The Neuron Compiler is an Ahead-of-Time (AoT) compiler that accepts Machine Learning models in various formats (TensorFlow, MXNet, PyTorch) and optimizes them to run on AWS Inferentia chips.
AoT compilation requires that dynamic tensor shapes (dimension sizes) of all tensors in the compute-graph are known at compilation time, in order for the compiler to make informed decisions. Model compilation with shapes that cannot be determined at compile time will fail.
It is common for developers to train models in FP32 to avoid the challenges of low-precision training (e.g. loss-scaling, etc). However, during inference, developers typically look for the most performant and cost-effective methods. In order to address these two requirements, Neuron supports FP32 auto-casting, which takes trained FP32 models as input and then runs them at speed of 16-bit using BFloat16 model, using Neuron’s FP32 to BF16 auto conversion.

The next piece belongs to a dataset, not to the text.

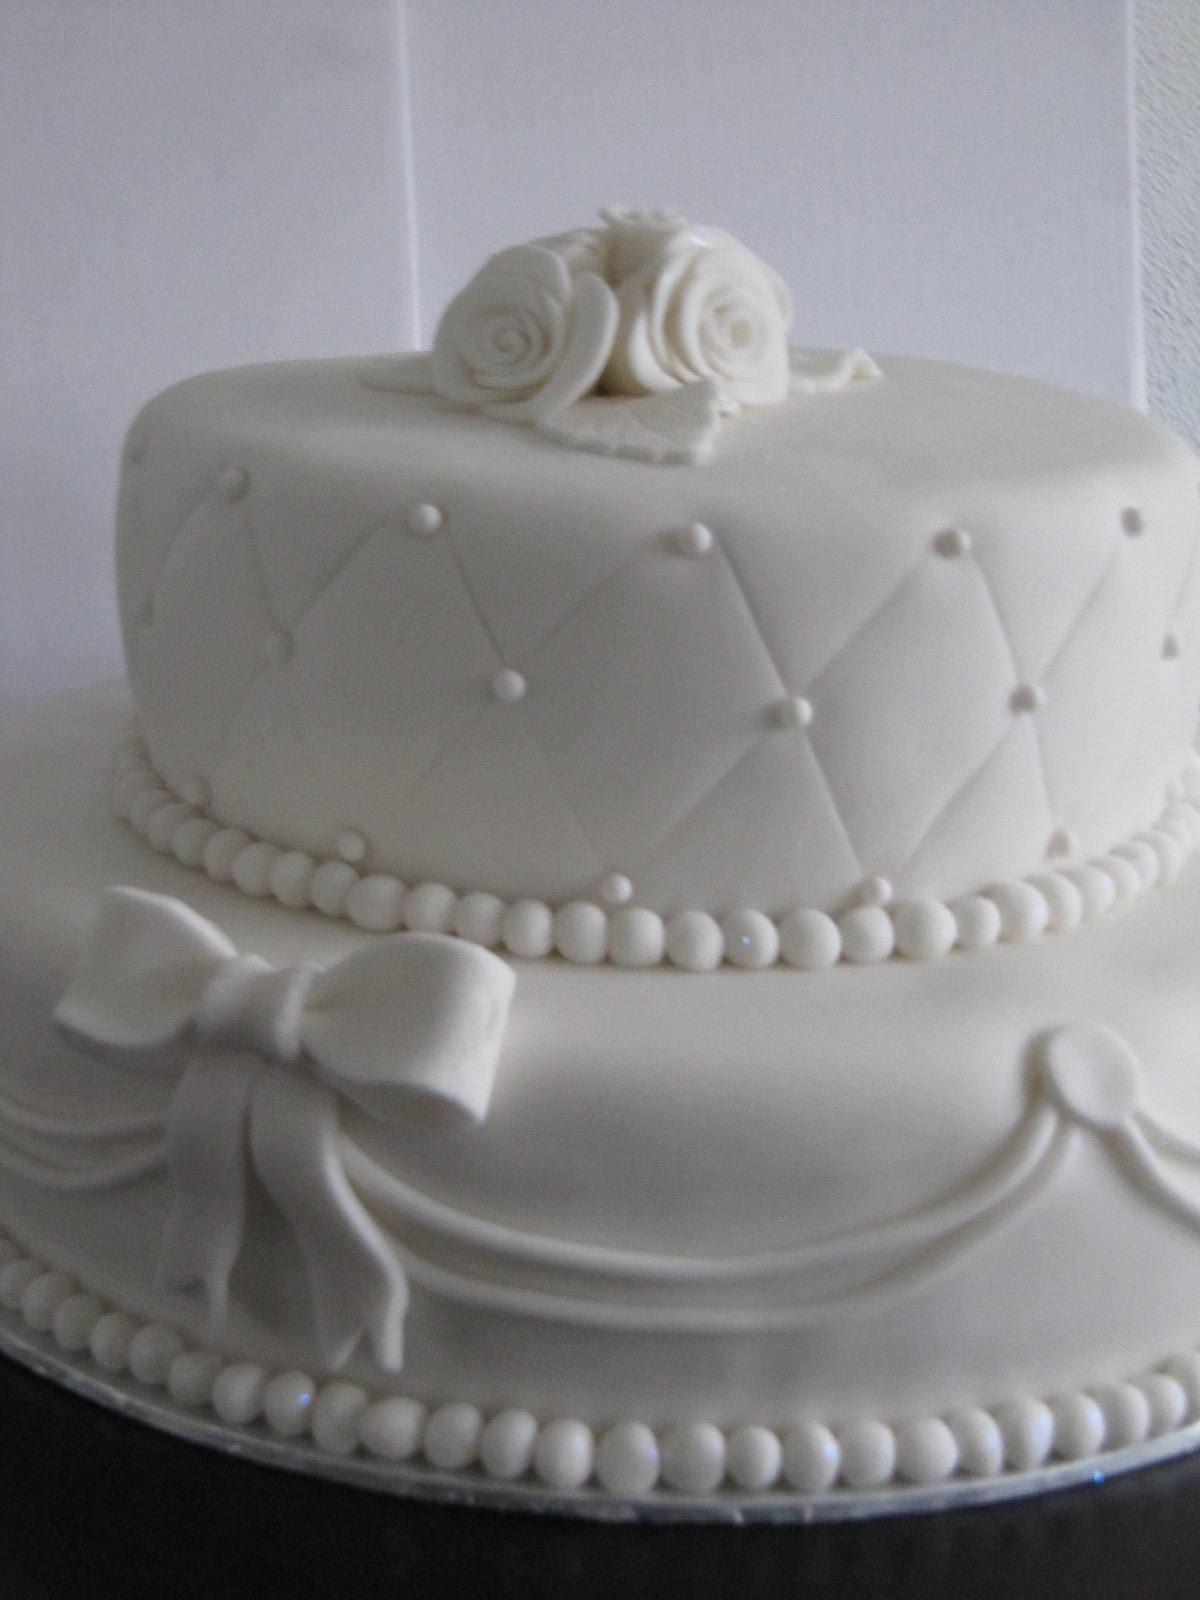 25 jarig huwelijk taart 50 Jarig Huwelijk Taart   ARCHIDEV 25 jarig huwelijk taart

The Neuron compiler is used within an integrated framework, such as TensorFlow, PyTorch or MXNet. From that framework, ML models are sent to the compiler and the results then sent back. This compile step will often be done on a compilation server. The resulting compiler artifact is called a NEFF file (Neuron Executable File Format). NEFF files are loaded into an Inferentia device, using the Neuron Runtime. The NEFF is actually encapsulated inside a saved version of that model, which the framework can use.